- [What is required]:
Find "Festival of Lights Drawing Template" and "LESU Metal Aoue" in the records below. Copy the lines holding them and every line between, exactly, and no others.
---------- Provided data ----------
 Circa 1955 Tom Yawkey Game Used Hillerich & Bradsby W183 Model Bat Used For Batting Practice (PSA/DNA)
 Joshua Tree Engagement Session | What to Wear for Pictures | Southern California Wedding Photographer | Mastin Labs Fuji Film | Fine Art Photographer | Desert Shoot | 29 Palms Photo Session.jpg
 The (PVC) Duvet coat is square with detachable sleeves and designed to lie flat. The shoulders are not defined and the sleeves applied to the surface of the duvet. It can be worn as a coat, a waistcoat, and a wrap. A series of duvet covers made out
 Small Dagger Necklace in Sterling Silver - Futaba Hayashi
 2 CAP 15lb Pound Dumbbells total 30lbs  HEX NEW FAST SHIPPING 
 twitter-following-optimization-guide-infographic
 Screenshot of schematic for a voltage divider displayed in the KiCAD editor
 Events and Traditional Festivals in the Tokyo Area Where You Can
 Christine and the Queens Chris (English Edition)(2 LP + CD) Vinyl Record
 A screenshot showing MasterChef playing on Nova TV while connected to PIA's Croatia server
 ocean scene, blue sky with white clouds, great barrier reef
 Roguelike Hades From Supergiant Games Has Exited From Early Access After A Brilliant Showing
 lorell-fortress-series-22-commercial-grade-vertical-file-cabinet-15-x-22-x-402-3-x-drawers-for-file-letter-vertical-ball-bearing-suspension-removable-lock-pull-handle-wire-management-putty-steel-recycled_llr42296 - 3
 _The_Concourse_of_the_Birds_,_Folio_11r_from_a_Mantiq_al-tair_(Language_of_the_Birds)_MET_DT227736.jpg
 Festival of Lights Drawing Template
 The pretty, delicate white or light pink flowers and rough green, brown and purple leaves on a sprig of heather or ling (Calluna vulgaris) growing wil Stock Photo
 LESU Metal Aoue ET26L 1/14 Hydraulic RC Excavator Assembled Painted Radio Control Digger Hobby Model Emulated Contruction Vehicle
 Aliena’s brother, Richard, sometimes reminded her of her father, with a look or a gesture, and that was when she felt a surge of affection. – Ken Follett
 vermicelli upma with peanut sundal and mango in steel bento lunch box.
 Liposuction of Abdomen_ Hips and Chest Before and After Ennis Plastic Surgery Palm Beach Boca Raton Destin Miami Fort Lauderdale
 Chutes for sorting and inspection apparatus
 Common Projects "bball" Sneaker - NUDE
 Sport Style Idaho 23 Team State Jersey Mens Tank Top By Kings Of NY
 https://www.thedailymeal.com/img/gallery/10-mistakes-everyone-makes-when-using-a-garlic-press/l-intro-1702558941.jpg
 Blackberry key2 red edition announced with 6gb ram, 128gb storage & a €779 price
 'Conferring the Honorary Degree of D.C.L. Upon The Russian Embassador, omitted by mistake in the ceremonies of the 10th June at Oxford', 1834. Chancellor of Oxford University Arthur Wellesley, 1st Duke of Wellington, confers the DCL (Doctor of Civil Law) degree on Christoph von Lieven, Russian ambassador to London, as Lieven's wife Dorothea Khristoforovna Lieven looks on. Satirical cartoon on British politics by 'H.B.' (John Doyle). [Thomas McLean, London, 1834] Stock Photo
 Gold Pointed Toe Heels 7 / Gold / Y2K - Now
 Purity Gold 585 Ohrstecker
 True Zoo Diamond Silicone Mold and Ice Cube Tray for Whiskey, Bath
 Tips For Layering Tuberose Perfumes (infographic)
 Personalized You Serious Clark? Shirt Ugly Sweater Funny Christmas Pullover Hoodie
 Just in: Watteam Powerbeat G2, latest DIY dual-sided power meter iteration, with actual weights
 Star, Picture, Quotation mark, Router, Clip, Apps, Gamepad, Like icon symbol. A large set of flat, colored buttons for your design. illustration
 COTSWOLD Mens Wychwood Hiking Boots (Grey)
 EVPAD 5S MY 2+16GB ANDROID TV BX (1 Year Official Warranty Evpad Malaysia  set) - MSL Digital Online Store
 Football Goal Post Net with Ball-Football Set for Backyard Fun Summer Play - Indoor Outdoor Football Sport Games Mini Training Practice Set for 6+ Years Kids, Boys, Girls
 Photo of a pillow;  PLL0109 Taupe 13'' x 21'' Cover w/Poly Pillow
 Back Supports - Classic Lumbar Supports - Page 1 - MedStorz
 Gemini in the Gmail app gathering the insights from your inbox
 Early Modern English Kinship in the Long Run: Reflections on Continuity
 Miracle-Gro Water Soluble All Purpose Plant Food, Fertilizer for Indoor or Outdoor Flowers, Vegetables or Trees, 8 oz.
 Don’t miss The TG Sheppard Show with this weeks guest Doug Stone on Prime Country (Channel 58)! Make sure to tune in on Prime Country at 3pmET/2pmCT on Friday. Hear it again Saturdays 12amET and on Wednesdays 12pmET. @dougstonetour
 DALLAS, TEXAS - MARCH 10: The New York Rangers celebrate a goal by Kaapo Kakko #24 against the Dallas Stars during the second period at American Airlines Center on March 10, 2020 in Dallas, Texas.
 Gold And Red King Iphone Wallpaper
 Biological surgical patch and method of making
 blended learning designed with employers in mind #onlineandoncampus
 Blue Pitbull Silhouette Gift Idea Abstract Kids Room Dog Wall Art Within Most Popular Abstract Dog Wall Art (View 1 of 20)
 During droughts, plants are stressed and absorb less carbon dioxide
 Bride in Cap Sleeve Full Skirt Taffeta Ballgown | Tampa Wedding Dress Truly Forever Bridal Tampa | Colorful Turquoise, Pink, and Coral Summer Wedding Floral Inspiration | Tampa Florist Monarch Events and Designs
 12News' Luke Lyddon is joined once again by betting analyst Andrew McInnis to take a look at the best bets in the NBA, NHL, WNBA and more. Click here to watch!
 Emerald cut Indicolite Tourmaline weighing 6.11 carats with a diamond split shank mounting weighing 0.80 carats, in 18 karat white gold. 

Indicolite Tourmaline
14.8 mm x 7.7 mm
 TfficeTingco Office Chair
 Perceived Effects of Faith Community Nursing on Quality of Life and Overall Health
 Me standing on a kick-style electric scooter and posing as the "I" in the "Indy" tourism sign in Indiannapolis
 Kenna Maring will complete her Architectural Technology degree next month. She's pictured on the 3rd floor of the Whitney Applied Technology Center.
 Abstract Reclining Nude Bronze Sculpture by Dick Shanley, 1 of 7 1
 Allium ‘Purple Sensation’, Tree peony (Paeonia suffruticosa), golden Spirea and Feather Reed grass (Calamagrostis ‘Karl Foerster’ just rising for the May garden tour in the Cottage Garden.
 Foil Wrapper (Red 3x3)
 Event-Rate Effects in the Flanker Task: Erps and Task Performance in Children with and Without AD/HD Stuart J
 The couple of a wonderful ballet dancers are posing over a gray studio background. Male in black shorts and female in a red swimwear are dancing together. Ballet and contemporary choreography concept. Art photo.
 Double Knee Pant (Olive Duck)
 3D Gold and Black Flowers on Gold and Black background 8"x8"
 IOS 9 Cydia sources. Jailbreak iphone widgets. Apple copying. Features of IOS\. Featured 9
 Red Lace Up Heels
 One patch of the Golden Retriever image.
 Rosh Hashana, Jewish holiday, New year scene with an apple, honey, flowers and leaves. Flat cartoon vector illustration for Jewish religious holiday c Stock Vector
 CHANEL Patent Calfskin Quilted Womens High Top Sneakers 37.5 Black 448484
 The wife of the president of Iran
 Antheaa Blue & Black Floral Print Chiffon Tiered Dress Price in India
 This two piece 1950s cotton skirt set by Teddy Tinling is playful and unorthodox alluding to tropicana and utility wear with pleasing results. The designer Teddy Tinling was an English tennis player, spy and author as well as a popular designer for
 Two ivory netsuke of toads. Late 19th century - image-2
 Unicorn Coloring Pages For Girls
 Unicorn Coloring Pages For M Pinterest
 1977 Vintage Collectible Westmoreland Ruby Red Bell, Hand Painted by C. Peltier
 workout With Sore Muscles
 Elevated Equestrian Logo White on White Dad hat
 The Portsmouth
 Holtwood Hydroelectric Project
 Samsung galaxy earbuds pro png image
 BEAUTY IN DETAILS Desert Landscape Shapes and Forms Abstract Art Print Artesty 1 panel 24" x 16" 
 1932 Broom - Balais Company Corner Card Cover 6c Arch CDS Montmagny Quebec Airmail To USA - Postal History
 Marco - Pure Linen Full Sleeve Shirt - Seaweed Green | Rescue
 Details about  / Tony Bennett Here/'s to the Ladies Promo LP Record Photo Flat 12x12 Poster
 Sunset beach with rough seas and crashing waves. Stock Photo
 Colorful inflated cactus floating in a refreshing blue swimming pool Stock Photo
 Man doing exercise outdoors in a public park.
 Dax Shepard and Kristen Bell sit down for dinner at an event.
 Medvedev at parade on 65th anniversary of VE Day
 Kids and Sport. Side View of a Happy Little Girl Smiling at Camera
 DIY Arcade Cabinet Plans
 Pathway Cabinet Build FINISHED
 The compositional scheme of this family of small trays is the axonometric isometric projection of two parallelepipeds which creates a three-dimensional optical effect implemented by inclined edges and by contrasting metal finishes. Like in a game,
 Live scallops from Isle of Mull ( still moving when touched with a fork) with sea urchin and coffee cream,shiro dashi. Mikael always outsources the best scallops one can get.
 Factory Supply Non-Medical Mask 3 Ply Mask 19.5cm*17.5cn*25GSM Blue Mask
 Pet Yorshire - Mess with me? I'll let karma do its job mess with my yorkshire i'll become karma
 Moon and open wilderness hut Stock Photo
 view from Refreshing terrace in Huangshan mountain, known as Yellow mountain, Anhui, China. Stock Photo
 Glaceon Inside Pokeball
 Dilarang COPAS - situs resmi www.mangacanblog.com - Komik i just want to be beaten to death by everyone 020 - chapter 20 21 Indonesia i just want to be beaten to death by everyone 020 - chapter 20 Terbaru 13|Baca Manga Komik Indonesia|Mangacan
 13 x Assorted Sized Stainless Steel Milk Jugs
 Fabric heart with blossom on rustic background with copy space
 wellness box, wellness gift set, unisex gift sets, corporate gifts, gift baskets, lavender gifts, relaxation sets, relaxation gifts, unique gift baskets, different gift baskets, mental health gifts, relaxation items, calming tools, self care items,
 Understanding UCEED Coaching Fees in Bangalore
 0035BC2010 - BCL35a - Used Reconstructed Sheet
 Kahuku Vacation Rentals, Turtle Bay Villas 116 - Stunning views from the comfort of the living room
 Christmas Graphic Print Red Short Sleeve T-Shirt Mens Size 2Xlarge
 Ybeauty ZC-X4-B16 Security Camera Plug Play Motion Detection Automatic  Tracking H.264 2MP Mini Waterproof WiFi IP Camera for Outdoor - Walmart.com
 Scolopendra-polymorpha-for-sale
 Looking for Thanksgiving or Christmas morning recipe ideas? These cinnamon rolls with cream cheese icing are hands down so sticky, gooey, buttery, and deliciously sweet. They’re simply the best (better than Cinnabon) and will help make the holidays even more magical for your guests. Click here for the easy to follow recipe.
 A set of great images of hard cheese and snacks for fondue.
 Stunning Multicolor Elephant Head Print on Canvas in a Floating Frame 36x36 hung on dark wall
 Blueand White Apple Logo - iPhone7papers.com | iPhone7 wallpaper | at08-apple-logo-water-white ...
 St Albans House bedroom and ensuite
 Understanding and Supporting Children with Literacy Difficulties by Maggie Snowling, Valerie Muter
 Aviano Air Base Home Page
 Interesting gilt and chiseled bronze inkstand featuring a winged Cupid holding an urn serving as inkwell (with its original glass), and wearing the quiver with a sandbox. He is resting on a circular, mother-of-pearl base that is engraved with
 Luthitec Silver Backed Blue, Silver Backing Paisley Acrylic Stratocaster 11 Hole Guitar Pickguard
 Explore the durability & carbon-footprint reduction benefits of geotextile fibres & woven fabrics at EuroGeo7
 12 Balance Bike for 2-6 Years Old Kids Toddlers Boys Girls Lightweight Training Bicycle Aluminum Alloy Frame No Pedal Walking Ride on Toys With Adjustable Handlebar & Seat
----------
- [Finished task]:
 Festival of Lights Drawing Template
 The pretty, delicate white or light pink flowers and rough green, brown and purple leaves on a sprig of heather or ling (Calluna vulgaris) growing wil Stock Photo
 LESU Metal Aoue ET26L 1/14 Hydraulic RC Excavator Assembled Painted Radio Control Digger Hobby Model Emulated Contruction Vehicle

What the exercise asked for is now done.